La Profecía Rota - Libro 3 de la Saga De Lug

CUARTA PARTE: El Señor de la Luz - CAPÍTULO 144

Akir asomó la cabeza por la puerta del consultorio y vio a Ana sentada en una silla. Tenía el rostro cansado y los hombros caídos.

Zenir, Ana y Akir habían trasladado su centro de atención de heridos a un hospital de la Cúpula. Eltsen había organizado a los médicos que había encontrado en la Cúpula y los había enviado a trabajar en dos hospitales cuyas instalaciones aun seguían en pie. Les había dicho que cuando tuvieran un caso que no pudieran resolver, debían enviárselo a Zenir y a Ana. Los médicos se mostraron bastante descreídos de que un extranjero salvaje y una muchachita pudieran salvar a heridos que ellos no podían tratar con su sofisticada tecnología, pero como no se perdía nada enviando casos terminales a las manos de aquellos dudosos sanadores, obedecieron. Cuando vieron a un hombre con el ochenta por ciento de su cuerpo quemado salir caminando sin marcas de quemaduras del consultorio que le habían cedido a Zenir para que pudiera trabajar, cambiaron su opinión respecto de aquellos extranjeros. Ana y Zenir habían trabajado juntos en aquel hombre. El daño era tan extenso y el tiempo que le quedaba de vida era tan escaso que los dos habían puesto todo su esfuerzo en trabajar lo más rápido posible, sanando primero las áreas vitales como los pulmones, el corazón y otros órganos, antes de dedicarse a la piel. Los médicos de la Cúpula habían proporcionado a los sanadores unas drogas para mantener inconsciente al paciente durante todo el procedimiento, el dolor hubiera sido imposible de soportar para el pobre hombre de otra forma.  Los médicos se mostraron inmediatamente interesados por conocer los métodos que Ana y Zenir usaban, pero la llegada incesante de heridos no permitía que tuvieran el tiempo suficiente de ir a observar a estos obradores de milagros. Algunos que pudieron hacerse de un tiempo, sacrificando sus momentos de descanso para presenciar las sanaciones, salieron más intrigados de lo que habían entrado. No podían comprender cómo Zenir podía sanar heridas imposibles solo apoyando sus manos sobre los heridos y cerrando los ojos, aparentemente concentrado en algo que escapaba de las mentes científicas de los médicos de la Cúpula. Para ellos, Zenir era una especie de mago que hacía milagros.
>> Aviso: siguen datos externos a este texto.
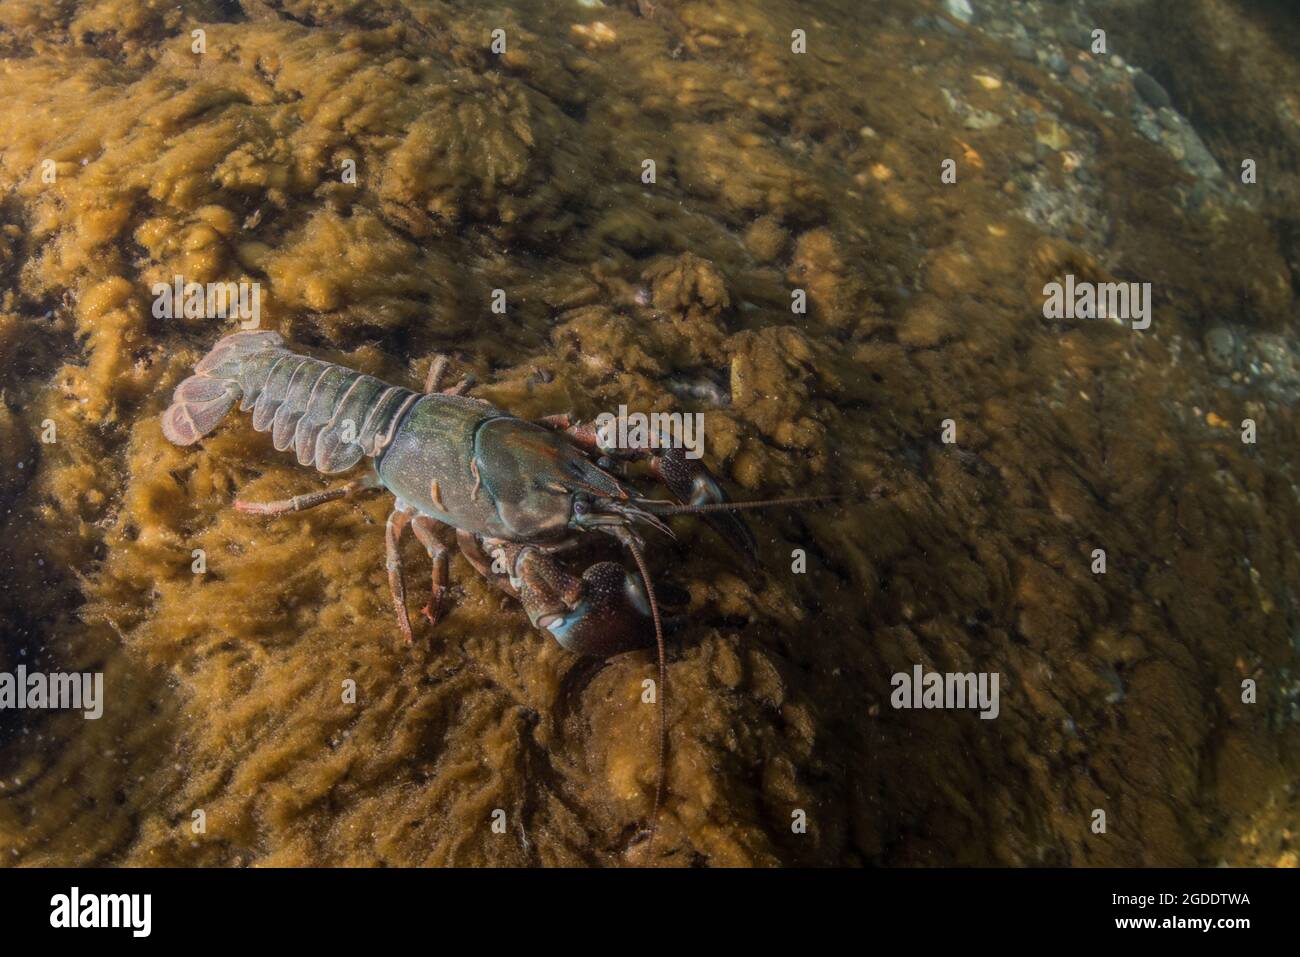 Signal crayfish (Pacifastacus leniusculus) underwater in a river, a hamrful invasive species in California and much of Europe. Stock Photo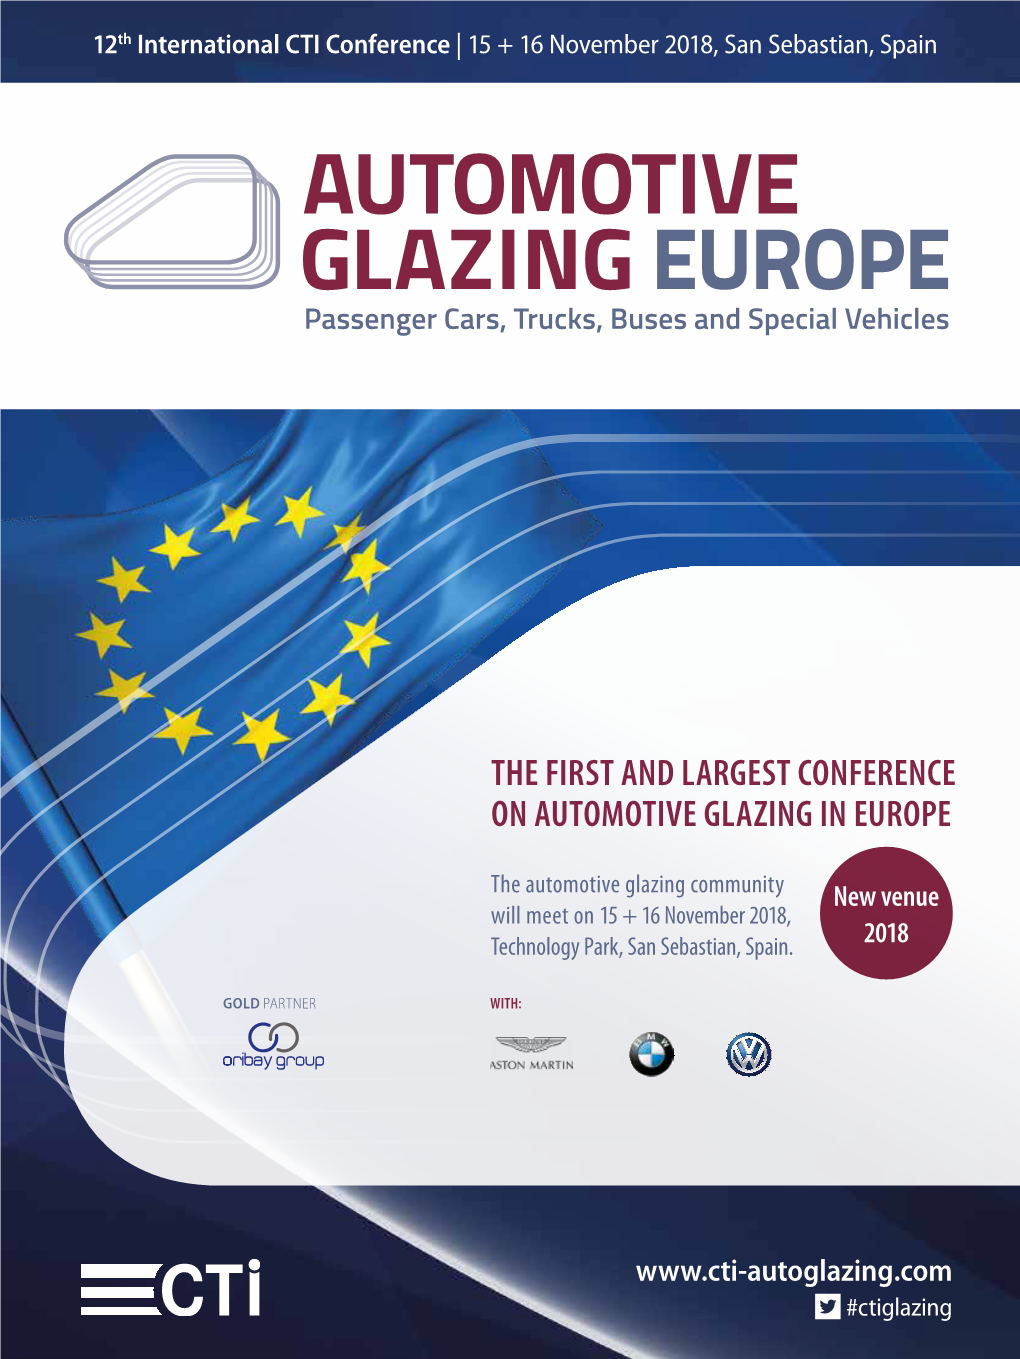 The First and Largest Conference on Automotive Glazing in Europe

Ana estaba en su descanso cuando Akir se asomó por la puerta. Había atendido al último paciente del día, y había decidido que se tomaría un baño y se iría a dormir unas horas. Zenir podría cubrirla si aparecía algún caso urgente mientras ella dormía.

—Un paciente quiere verte— le dijo Akir.

—Akir, me voy a dormir. Envíalo con Zenir— le respondió ella con voz cansada.

—Dice que se dejará atender solo por ti.

—No tengo fuerza suficiente como para sanar heridas graves en este momento— se disculpó ella.

—No parece herido de gravedad— dijo Akir.

—Entonces, los otros médicos pueden atenderlo— le respondió ella.

—El hombre es de Cryma, dice que no confía en los otros médicos, dice que te conoce a ti y que solo se dejará sanar por ti.

—Akir...

—Es muy insistente, dice que si no eres tú la que lo sana, prefiere dejarse morir.

Ana suspiró.

—Está bien— cedió. Entendía la aprensión que un habitante de Cryma podía sentir al entrar en aquella ciudad tan extraña. Ella misma había hecho un esfuerzo por no sentirse intimidada por aquellas enormes estructuras y esta sala tan blanca con instrumentos extraños que le habían asignado para que atendiera a los heridos. Debía admitir que era más cómoda que la precaria tienda en la que había estado trabajando al principio, pero tanta prístina pulcritud la hacía sentir un poco fuera de lugar, como si su presencia fuera un elemento contaminante para tanta limpieza inmaculada.

Ana se lavó la cara en una pileta plateada que despedía agua por una saliente también plateada solo con poner las manos bajo ella. Se arregló un poco el cabello y le hizo seña a Akir para que hiciera entrar al paciente.

—Estaré con Zenir si me necesitas— le dijo Akir, saliendo en busca del paciente.

Ana asintió.

 

Cuando Ana vio a entrar al paciente, se quedó petrificada. Intentó moverse, pero las piernas no le respondieron. Intentó gritar pero el terror le atenazó la garganta. Su rostro palideció y sintió que se le aflojaban las piernas.

—Hola, Ana, tanto tiempo sin verte— le dijo el paciente.

Ana, que por fin pudo mover las piernas, se tambaleó hacia atrás y se apoyó en una mesa pegada a la pared para no caer.

El hombre levantó una mano y le mostró la muñeca.